Start of Block

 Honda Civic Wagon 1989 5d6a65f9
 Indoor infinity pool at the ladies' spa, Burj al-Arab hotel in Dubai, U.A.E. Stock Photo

End of Block
Start of Block

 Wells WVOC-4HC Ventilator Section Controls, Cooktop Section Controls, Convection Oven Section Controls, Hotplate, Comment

End of Block
Start of Block

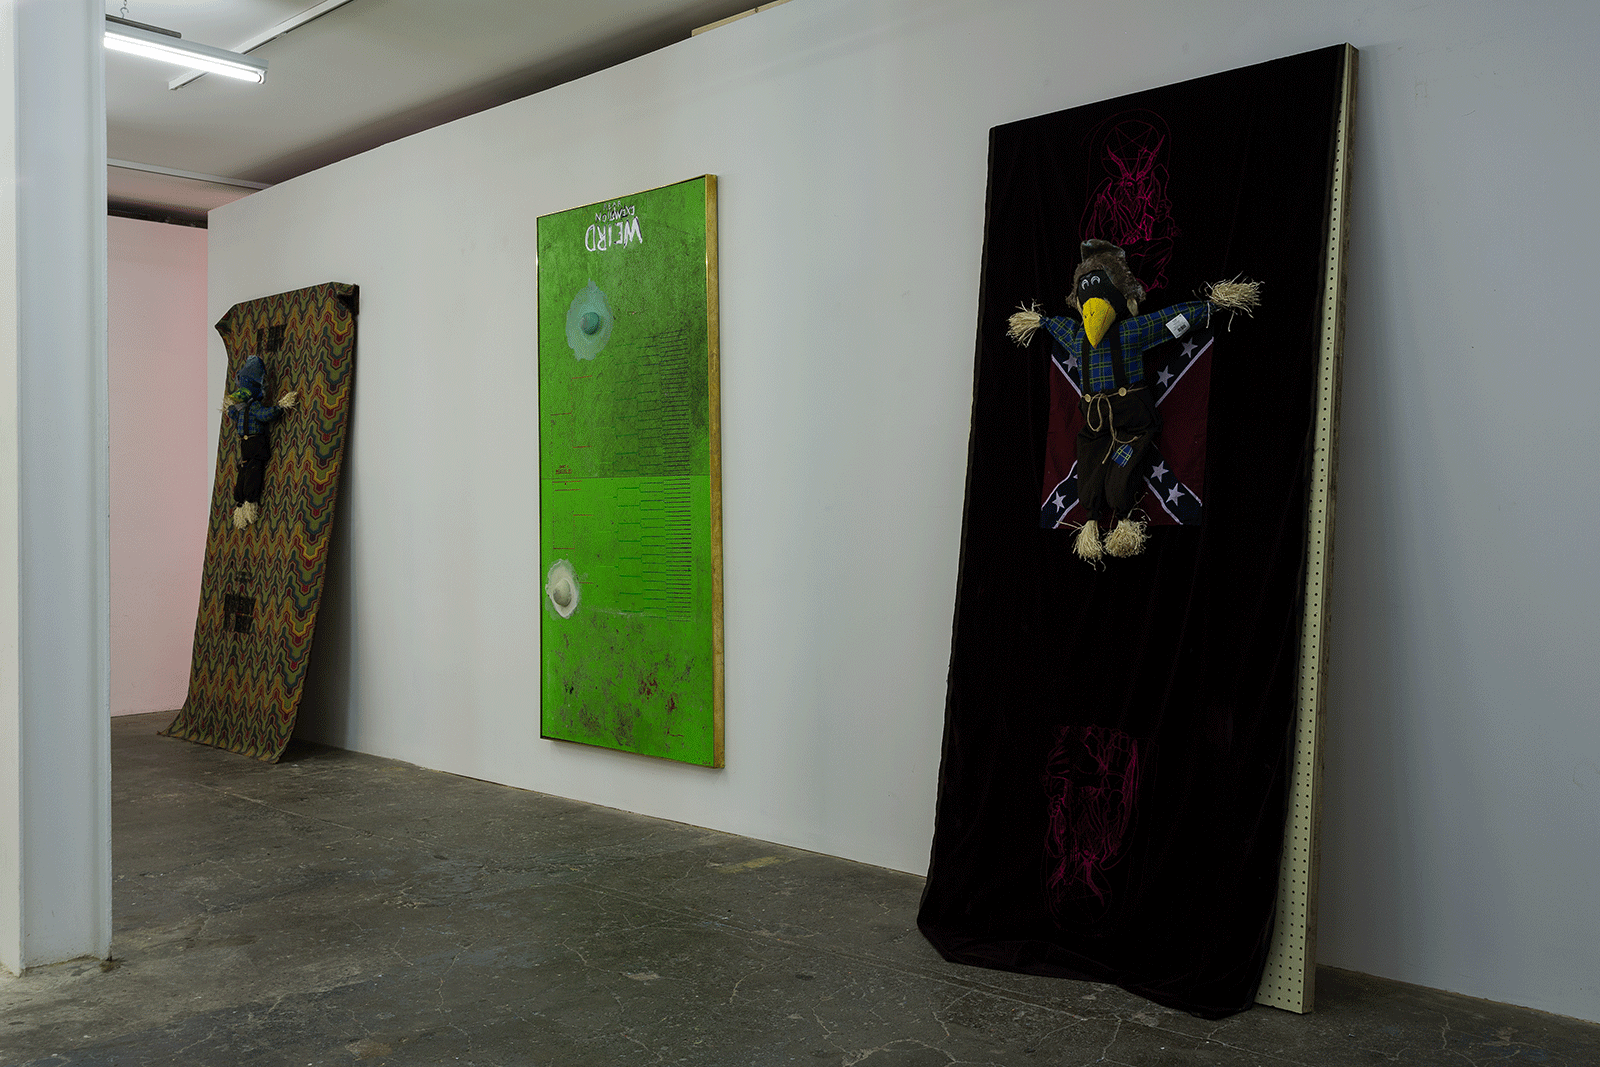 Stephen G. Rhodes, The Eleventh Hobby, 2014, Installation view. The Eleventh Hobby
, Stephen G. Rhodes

End of Block

- [ABOUT THIS EXERCISE]: Print exactly the lines above from the one with "Honda Civic Wagon 1989 5d6a65f9" to the one with "Indoor infinity pool", including both.

- [THE COMPLETED TASK]:
 Honda Civic Wagon 1989 5d6a65f9
 Indoor infinity pool at the ladies' spa, Burj al-Arab hotel in Dubai, U.A.E. Stock Photo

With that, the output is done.